When the road curved toward my parents' house on Bandit Lake, the trees towering over me, I realized when I'd hit that fork in the road—single and surprised by it—I no longer had to conform to someone else's definition of what was right or wrong for my life, for fear of making an irreparable mistake that would somehow reflect poorly on me. That that mistake might make me look bad in the eyes of whoever decided to judge.
Even though no cars were behind me, I flipped on my blinker before I made the turn onto my parents' driveway. At the base of the gently curved driveway, the log cabin home I'd been raised in rose up like it was trying to compete with the trees around it. The peak of the roof was impressive. Maybe not in comparison to the Smokies, but it was a home that made you stop and stare nonetheless. From that angle, you couldn't see the best part, though, which was the side of the house that faced the lake and made almost entirely of windows.
Momma and Daddy paid someone to come in to clean those windows every other week because they wanted a clean, clear view of all that space they owned. People born into money, I was convinced, all had strange little quirks and foibles.
A wall of perfectly clean windows was theirs.
The house was quiet when I let myself in the front door, and I took a second to stare out all those windows. My daddy liked to tell the story that when he finally convinced my momma to marry him (after they'd been together for around fifteen years, and at the realization that they'd both enter their fortieth year on the planet as parents for the first time), she said she would as long as they lived somewhere where she felt like she was outside all the time.
I smiled because I saw her out on the end of the dock by the lake, casting her line into the smooth water. Other than the Bait and Tackle, it was the place we always knew we could find her.
Glancing down at my bright yellow dress, and then back out to he
r, in her standard outfit of faded jeans and a simple T-shirt, I marveled that she and I came from the same gene pool. She'd given me the color of my skin, my bone structure, and a healthy dose of her determination. Everything else was from my daddy and those etiquette classes I'd sat through.
"Magnolia," my daddy said, startling me as he appeared from down the hallway that led to their bedroom. "Didn't know you were coming by, sweetheart."
I let out a shaky breath and set the paper down on the granite, blank side facing up so that he couldn't see it.
He kissed the top of my head and opened the fridge. "Tea?"
"Please." I took a seat at one of the stools and watched as he poured two glasses of sweet tea.
"Your momma and I didn't have anything fancy planned for dinner, but if you're gonna stay, I'll whip something up."
My daddy was handsome, I thought, as I watched him peruse the contents of the fridge.
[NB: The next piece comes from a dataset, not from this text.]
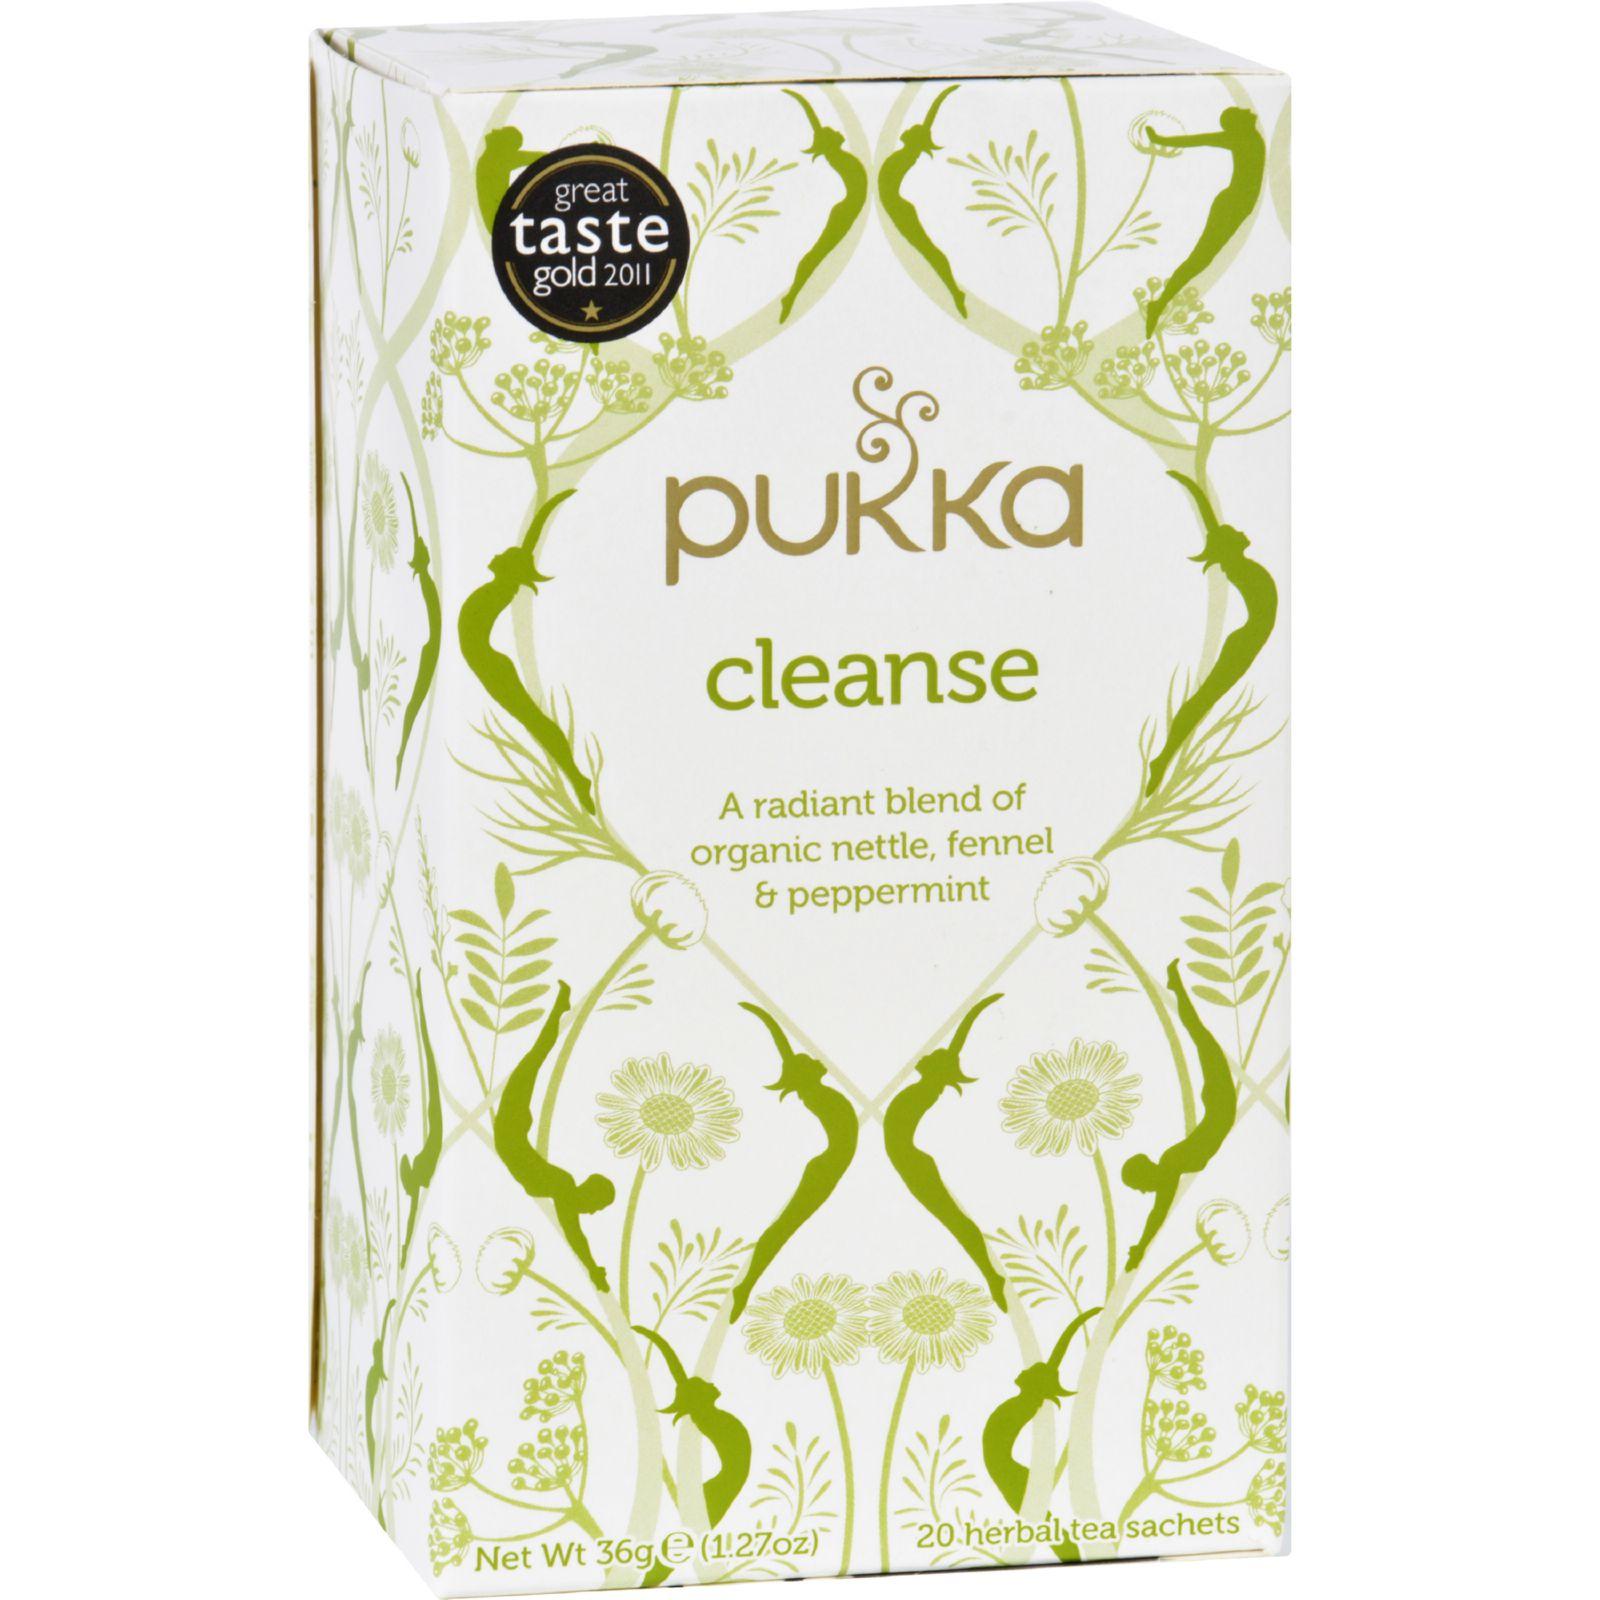 Pukka Herbal Teas Tea - Organic - Herbal - Cleanse - 20 B...

His hair was dark with shades of silver growing in along his temples, his jaw strong and determined. When I was younger, I used to think that he looked like a movie star from the forties and fifties with a barrel chest, strong arms, and shoulders broad enough to carry the weight of the world.
And he had too. For both me and Momma.
"Don't go to any trouble for me." I took a sip of the tea and exhaled. Sometimes I thought sweet tea contained restorative powers.
He shook his head. "Nothing's trouble when it comes to my girls. How about breakfast for dinner? I can do pancakes and some bacon."
I closed my eyes and fiddled with the edge of the paper. "I need to talk to you about something, Daddy."
"Well, we can talk while we eat." He never pulled his gaze from the fridge. "Where you'd go this afternoon? I got out of my meeting with the mayor about the park cleanup day and your office was empty." Daddy stuck a finger in the air. "Remind me to go over the budget for that tomorrow. I told him we'd sponsor the supplies again this year, even though he promised he'd start getting donations. I told him he waited too long to get that rolling, but he never listens."